Available data:
───
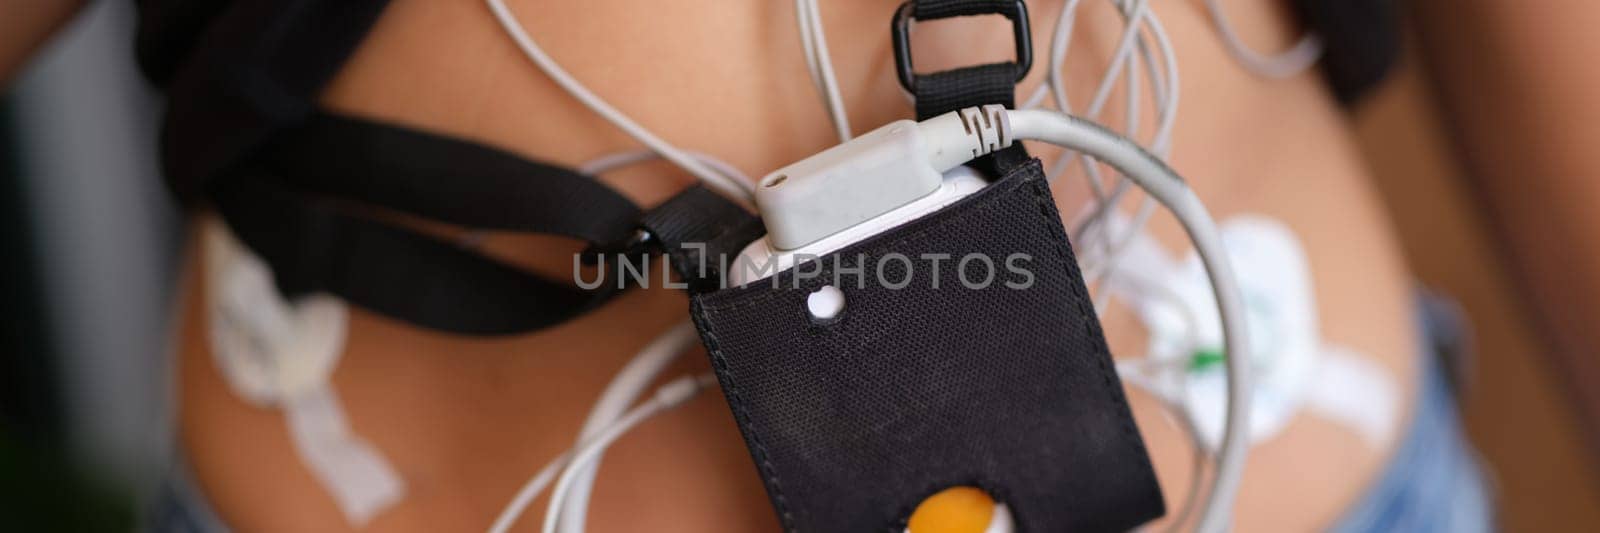 Ecg holter monitor hanging on patient body closeup. Diagnosis of rhythm and conduction disorders concept
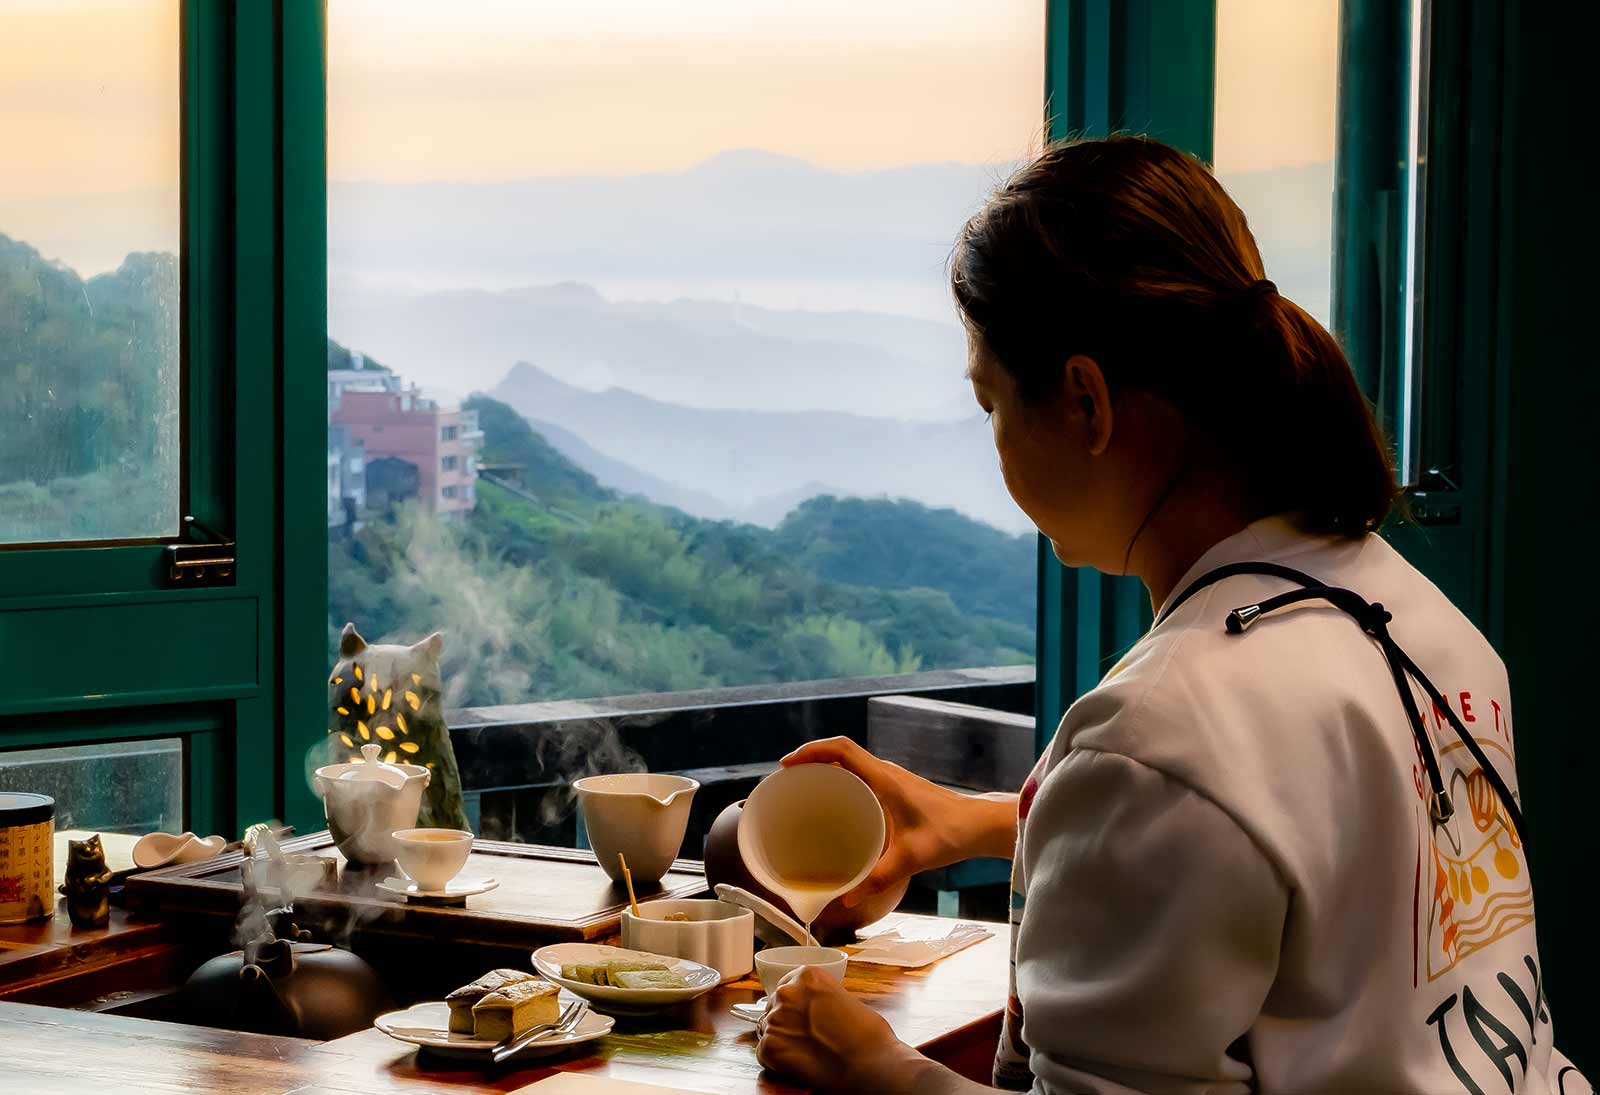 A guest makes tea in Jiufen Tea House with layers of mountains visible through the open window.
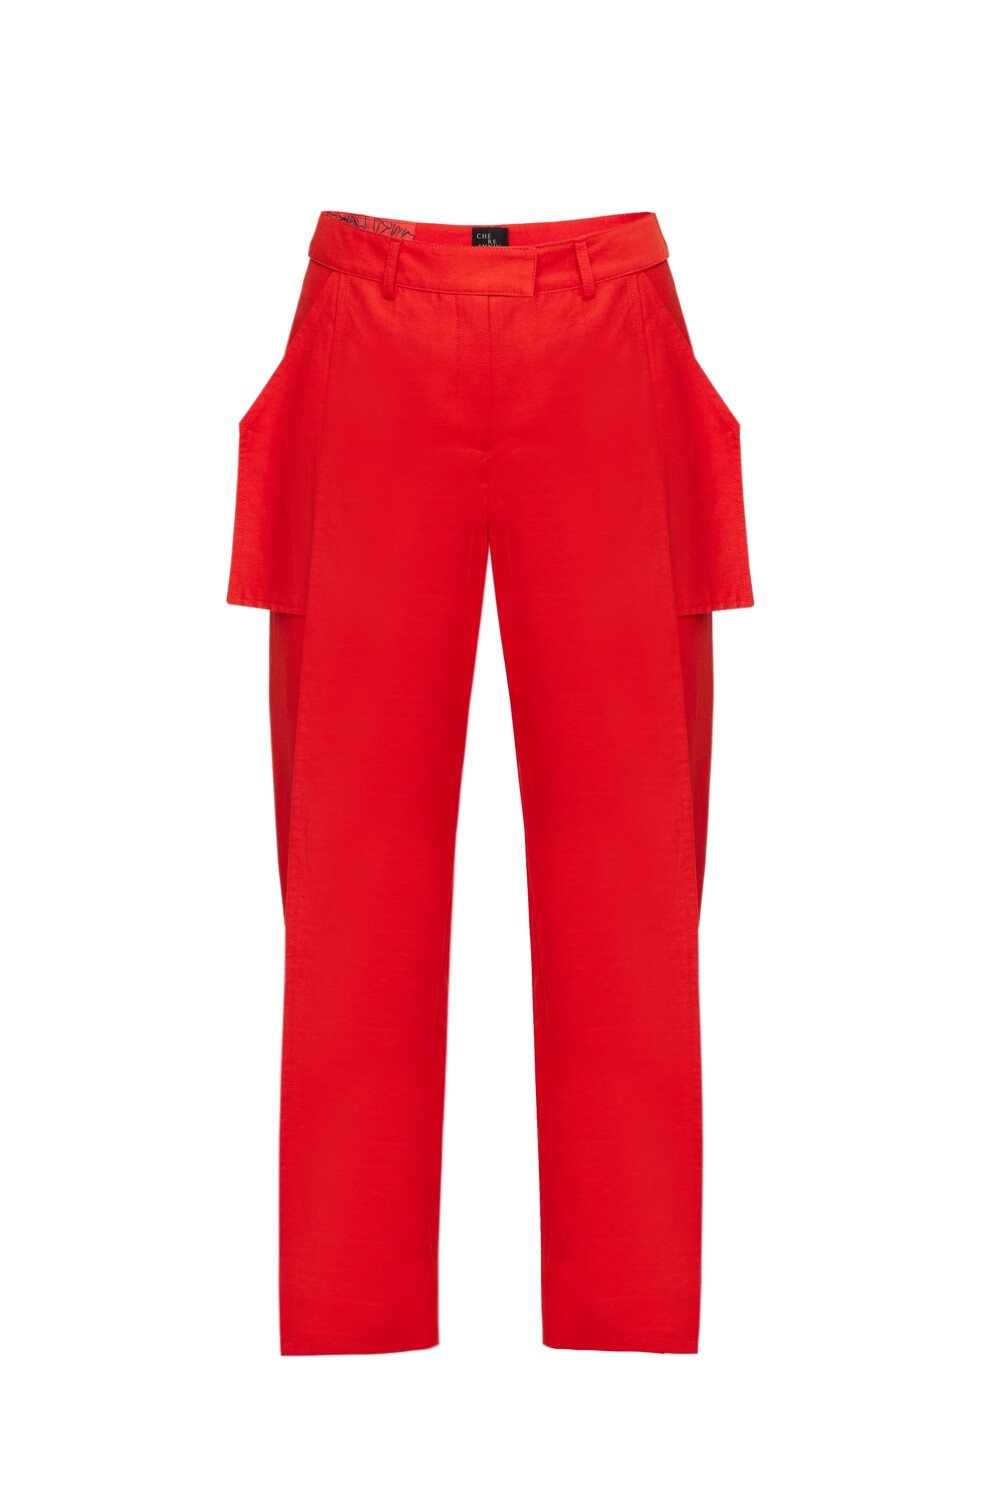 Red linen trousers
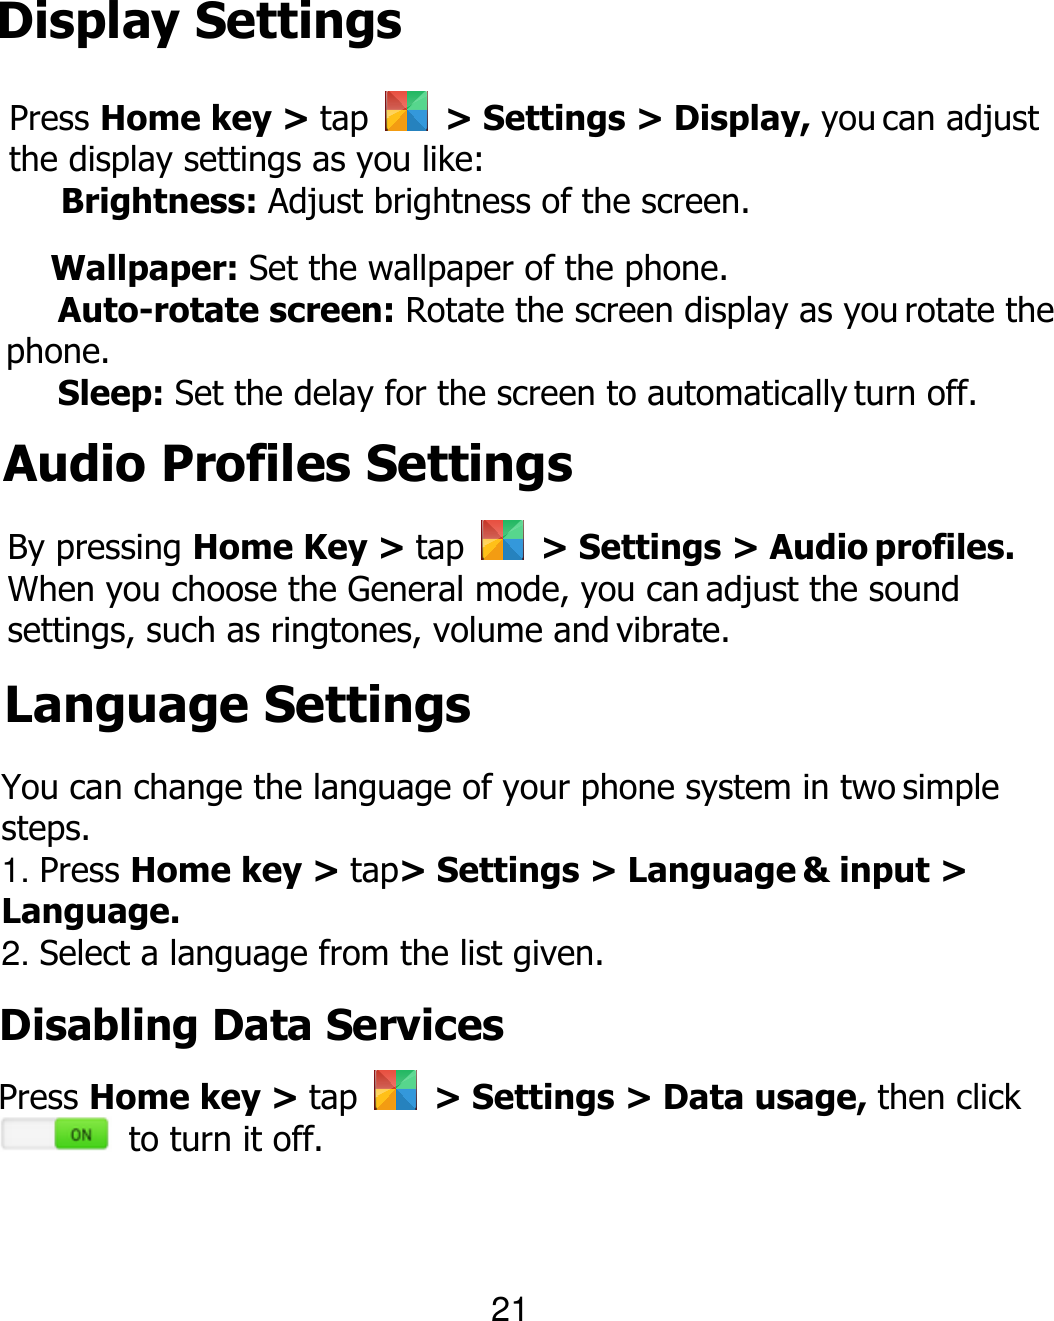 Display Settings Press Home key &gt; tap    &gt; Settings &gt; Display, you can adjust the display settings as you like:  Brightness: Adjust brightness of the screen.  Wallpaper: Set the wallpaper of the phone.   Auto-rotate screen: Rotate the screen display as you rotate the phone.  Sleep: Set the delay for the screen to automatically turn off. 21 Audio Profiles Settings By pressing Home Key &gt; tap    &gt; Settings &gt; Audio profiles. When you choose the General mode, you can adjust the sound settings, such as ringtones, volume and vibrate. Language Settings You can change the language of your phone system in two simple steps. 1. Press Home key &gt; tap&gt; Settings &gt; Language &amp; input &gt; Language. 2. Select a language from the list given. Disabling Data Services Press Home key &gt; tap    &gt; Settings &gt; Data usage, then click   to turn it off.
───
What you need to do:
Reproduce all of the data exactly; the pictures do not belong in the copy.

Response:
 Ecg holter monitor hanging on patient body closeup. Diagnosis of rhythm and conduction disorders concept
 A guest makes tea in Jiufen Tea House with layers of mountains visible through the open window.
 Red linen trousers
 Display Settings Press Home key &gt; tap    &gt; Settings &gt; Display, you can adjust the display settings as you like:  Brightness: Adjust brightness of the screen.  Wallpaper: Set the wallpaper of the phone.   Auto-rotate screen: Rotate the screen display as you rotate the phone.  Sleep: Set the delay for the screen to automatically turn off. 21 Audio Profiles Settings By pressing Home Key &gt; tap    &gt; Settings &gt; Audio profiles. When you choose the General mode, you can adjust the sound settings, such as ringtones, volume and vibrate. Language Settings You can change the language of your phone system in two simple steps. 1. Press Home key &gt; tap&gt; Settings &gt; Language &amp; input &gt; Language. 2. Select a language from the list given. Disabling Data Services Press Home key &gt; tap    &gt; Settings &gt; Data usage, then click   to turn it off.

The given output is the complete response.